Let $B$ be an arbitrary category and "S" an arbitrary set of morphisms in $B$, we want to construct $B[S^{-1}]$. Set $\mathrm{Ob}\;B[S^{-1}]=\mathrm{Ob}\;B$, and define $Q$ to be the identity on objects. I want to construct the morphisms of $B[S^{-1}]$, to do that we proceed in several steps:

a) introduce variables $x_s$, one for every morphism $s\in S$.

b) Now construct an oriented graph $\Gamma$ as follows:

vert $\Gamma$=Ob $B$

Edges of $\Gamma$=$\{$morphisms in $B\}\cup\{x_s:s\in S\}$

if $f$ is a morphism $X\rightarrow Y$ then it correspondes to an edge $X\rightarrow Y$

if $s\in S$ then $x_s$ is an edge $Y\rightarrow X$.

A path in this graph is what you expect it to be.

Now lets define an equivalence relation among paths with the same beginning and same ending. We say that two paths are equivalent if they can be joined by a chain of these two types of operations:

1) two consecutive arrows can be replaced with their composition

2) the path $sx_s$ is equivalent to $id$ and the same for $x_ss$.

So a morphism is an equivalence class of paths with the common beginning and common end.
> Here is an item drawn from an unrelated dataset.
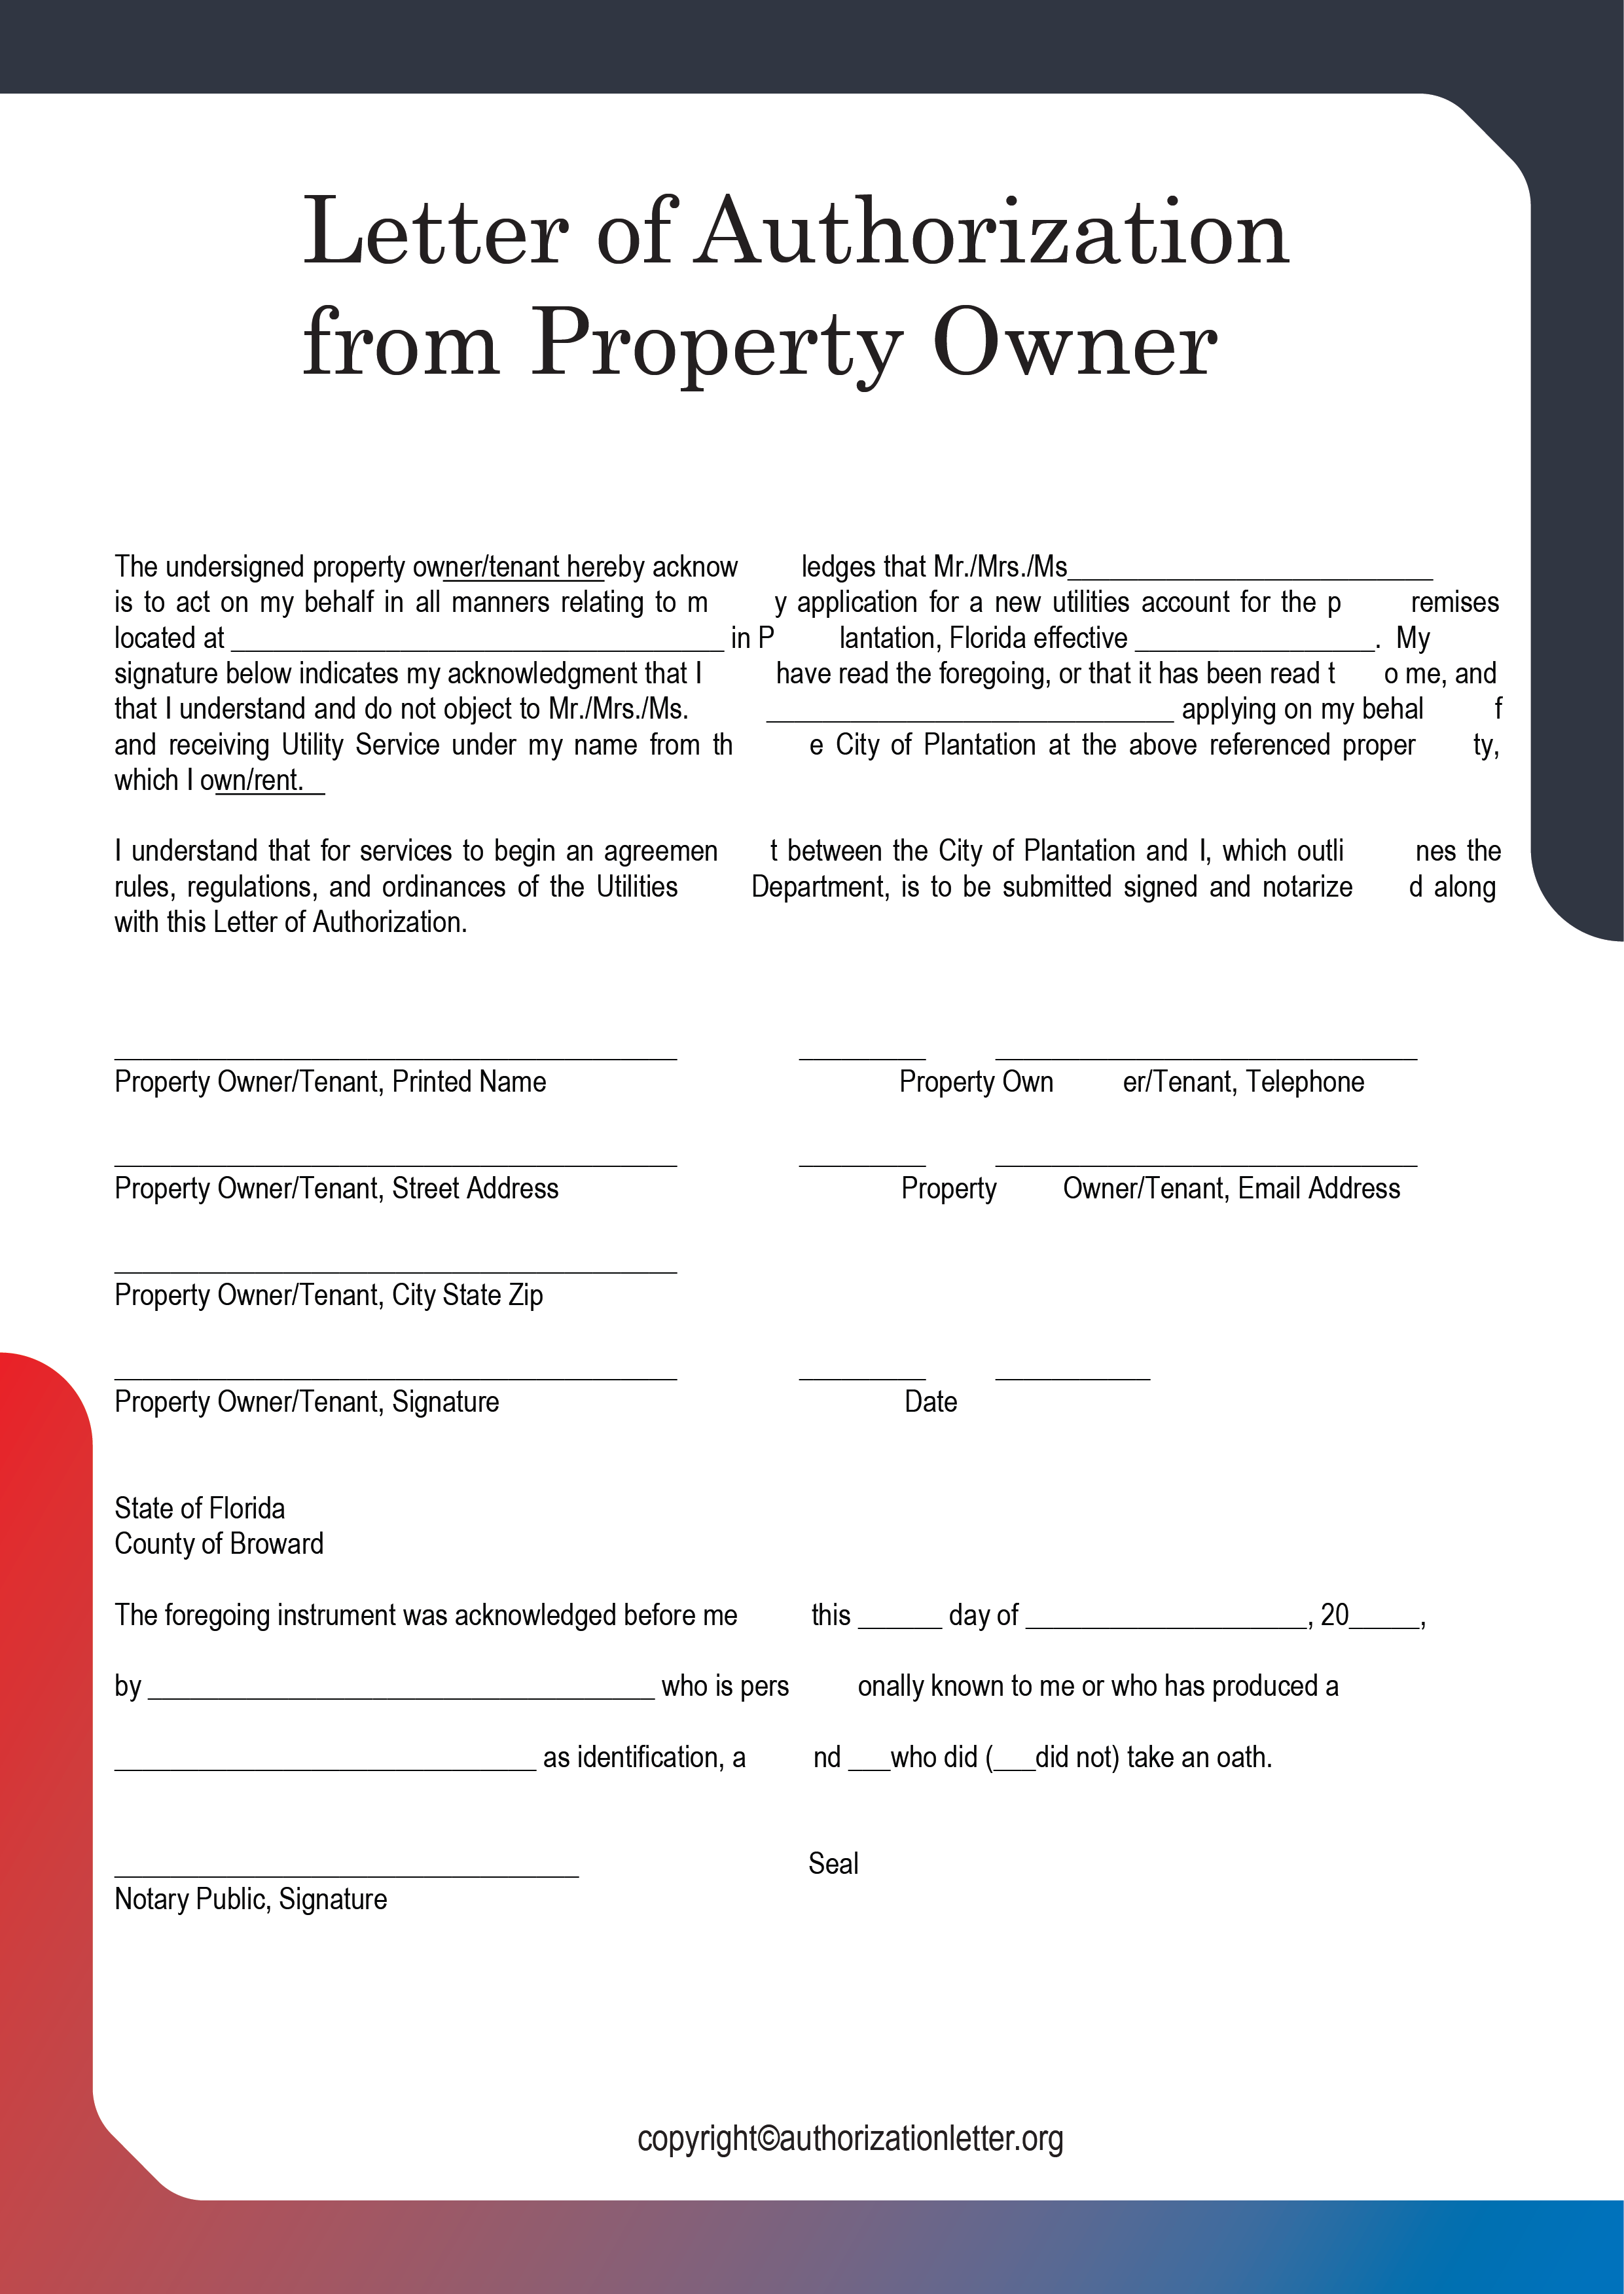 Free Property Owner Authorization Letter Template in PDF

Now if you are interested you can easily continue defining $Q$ and proving that this category has the property that we want.

My question is this: are we sure that this is a category? Because the class of morphisms can be a proper class, it's not obvious to me that is a set. I was told that there is a way to fix this (or at least to bypass the problem); do you know a way to fix this issue?
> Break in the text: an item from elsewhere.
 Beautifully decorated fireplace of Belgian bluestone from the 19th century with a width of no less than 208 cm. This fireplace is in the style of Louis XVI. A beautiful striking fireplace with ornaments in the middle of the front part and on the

(I know that for example if the set $S$ has good properties, i.e. it's a localizing system of morphisms, then there is a nicer construction, but I would like to know a general construction that works even if $S$ is not localizing).

Answer 1

After some consideration, it appears to me that inverting a small set $\mathcal{M}$ of morphisms in a locally small category $\mathcal{C}$ always gives another locally small category $\mathcal{D}$. Assume $\mathcal{M}$ is closed under composition – this can be done by induction and we still get a small set.

Firstly, notice that any morphism $X \to Y$ in $\mathcal{D}$ can be expressed as a finite zigzag $$X \rightarrow X_1 \leftarrow X_2 \rightarrow X_3 \leftarrow \cdots \rightarrow Y$$ of morphisms in $\mathcal{C}$, where the leftward arrows are taken from the set $\mathcal{M}$. In particular, the intermediate objects $X_1, X_2, X_3, \ldots$ must be drawn from a small set, namely $\{ \operatorname{dom} f : f \in \mathcal{M} \} \cup \{ \operatorname{codom} f : f \in \mathcal{M} \}$. (Use the axiom of replacement!) Thus we can construct a surjection from a small set to $\mathcal{D}(X, Y)$, and it follows that $\mathcal{D}(X, Y)$ is a small set. However, in practice it's not so easy to describe exactly which zigzags get identified...

In applications $\mathcal{M}$ is usually not a small set, so we are back to square one. It's not clear to me whether there is an explicit example of a locally small category whose localisation is not locally small – perhaps this is worth asking as a separate question.